Страхом перед Мурзиком пронизана приветливость отца. Из страха перед ним убегает из дому сестра. Из страха дрожат ресницы у племянницы. А Люба как-то раз сказала словно бы просто так, словно бы о чем-то незначащем: «Оленька слишком уж похорошела. От таких девочек и сходят с ума стареющие козлы, вроде нашего Верина». И ты заметил, что нарочно стал отводить глаза, нарочно сделался подчеркнуто невнимательным, чтобы не видеть, как липнут взгляды Верина-Мурзика к Олиной груди. Ты по-прежнему боишься его. И по-прежнему ненавидишь. Так почему ты медлишь, когда тебе представился случай одним ударом отомстить за прошлое, избавиться от страха, который опутал твое настоящее и может опутать будущее?
Что удерживает тебя от того, чтобы охотно, с превеликим удовольствием, с блаженным чувством удовлетворенной мстительности подписаться под каждым пунктом, который предъявит тебе Поляков?
– Верин (Мурзик!)
является главой латышских националистов, которые готовили что-то там, забыл, что именно?– Да!
– Верин (Мурзик!) связан с эсеровскими главарями в Париже, Лондоне, Берлине, Вашингтоне, на Южном полюсе, на Марсе?
– Да!
– Верин (Мурзик!) готовился пройти по Красной площади с авоськой, наполненной консервными банками, из которых выплескивалась на брусчатку взрывчатка, и собирался лично учинить подрыв правительственной трибуны?
– Да, конечно!
И на все остальное, что будет угодно выдумать Полякову, – да, да, да!

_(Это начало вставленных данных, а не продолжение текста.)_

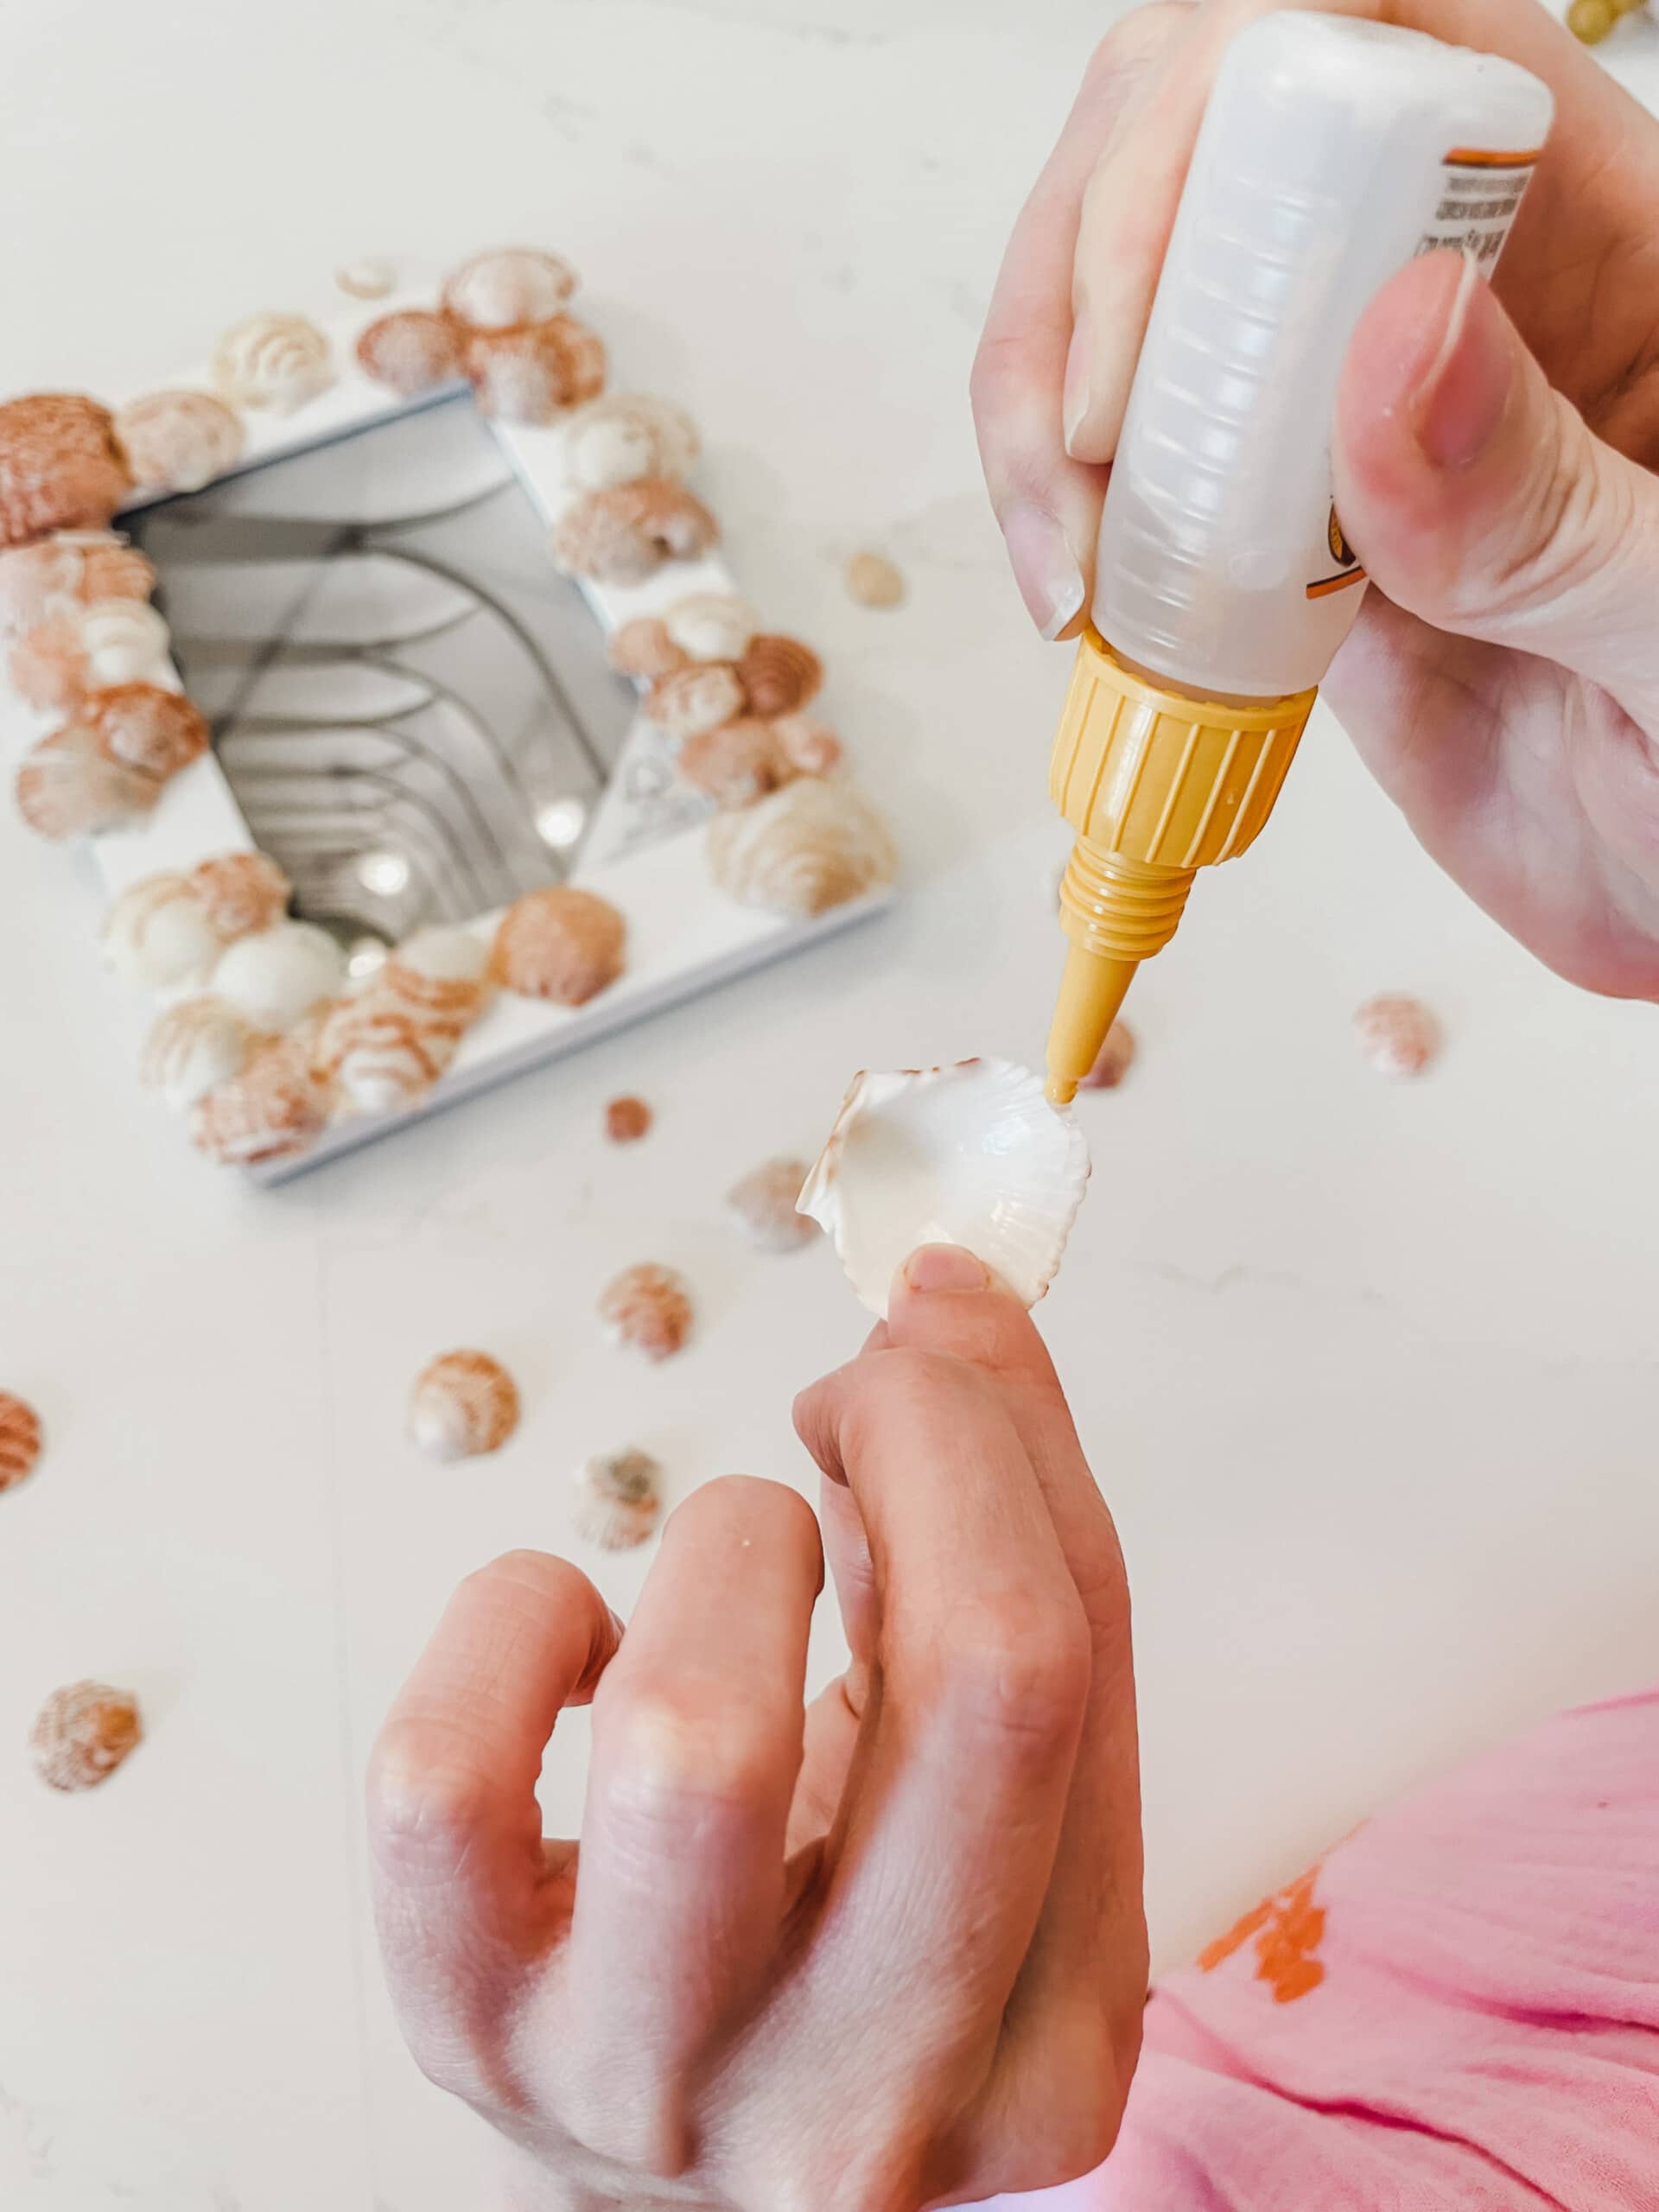 Woman's hands adding glue on edges of a seashell.

Что тебя держит, Александр Русанов? Что сдерживает?
Он покачал головой, с мученическим выражением глядя на серую папку, в которой лежало дело об эсеровском заговоре.
Он не знал. Не знал, каким словом назвать это чувство, это свойство… Не подобрать слова для того, что, как чувствовал Русанов, и являлось тем главным, а может быть, единственным, что отличало его от Мурзика, что отличало человека – пусть жалкого, трусливого и слабого, но человека! – от бесстыдного скота и жестокого зверя.

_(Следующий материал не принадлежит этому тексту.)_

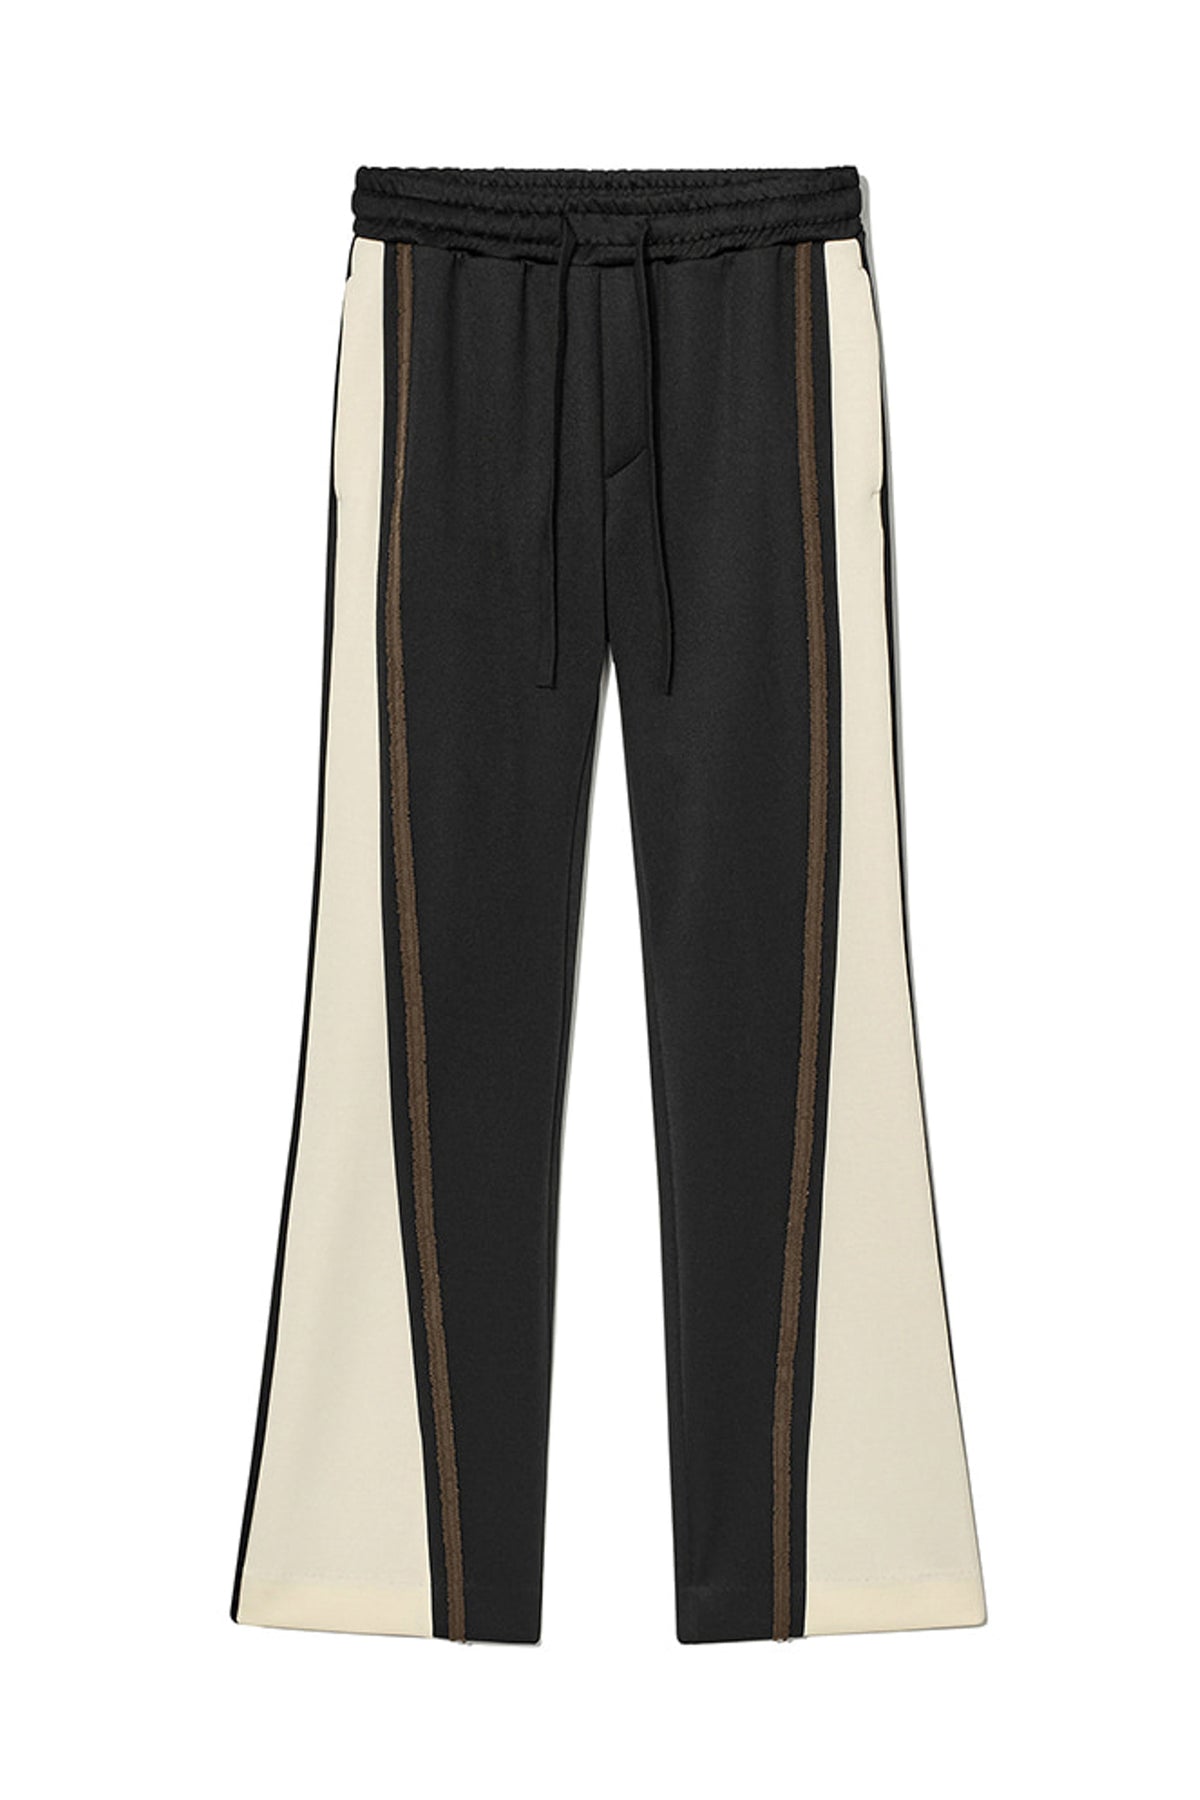 FLARED TAPE TRACK PANTS / BLK/CRM

Вдруг Русанов встряхнулся. До него уже некоторое время глухо доносился из-за стены чей-то размеренный голос – наверное, это был голос одного из многочисленных следователей, обитавших в пропитанных ужасом кабинетах НКВД: «Раз, два, три, четыре! Раз, два, три, четыре! Раз, два, три, четыре!» – а потом какой-то быстрый звук, напоминающий топот женских туфель. Русанов и слышал – и словно бы не слышал эти звуки. Но сейчас его заставил встряхнуться звук тяжело упавшего тела, потом яростная брань и крик: «Вставай, сволочь! Вставай, сука!» Горькие всхлипывания. И снова счет: «Раз, два, три, четыре!», и снова стук каблуков…
Да ведь они мучают и женщин!
Кто она, та, которая плачет за стеной? Жена, сестра, дочь врага народа? Или ей самой «шьют» какое-нибудь страшное, несуществующее дело?
Дверь открылась, вошел Поляков – и даже отпрянул, наткнувшись на полный ужаса взгляд Русанова. Глаза настороженно прищурились, а у Александра, несмотря на страх, несмотря на напряжение, дрогнуло сердце: на кого похож Поляков? На кого он так мучительно похож?!
Но он тут же забыл о своем мысленном вопросе, потому что Поляков показал в улыбке белые, хищные зубы:
– Ах вот оно что… Да, понимаю… Ну что ж, у нас, случается, и женщин допрашивают. Как правило, родственниц тех, кто по каким-то причинам не хочет сотрудничать со следствием. Бывает, человек упорствует в своих заблуждениях. Бывает, он просто подчиняется ложному, неправильному пониманию чести, совести, благородства – и предательства. Но нет и не может быть никакого предательства в том, чтобы отдать на расправу врага: врага своего и той страны, в которой ты живешь. Нет ничего бесчестного в том, чтобы ценой жизни этого врага спасти жизни самых дорогих и близких тебе людей.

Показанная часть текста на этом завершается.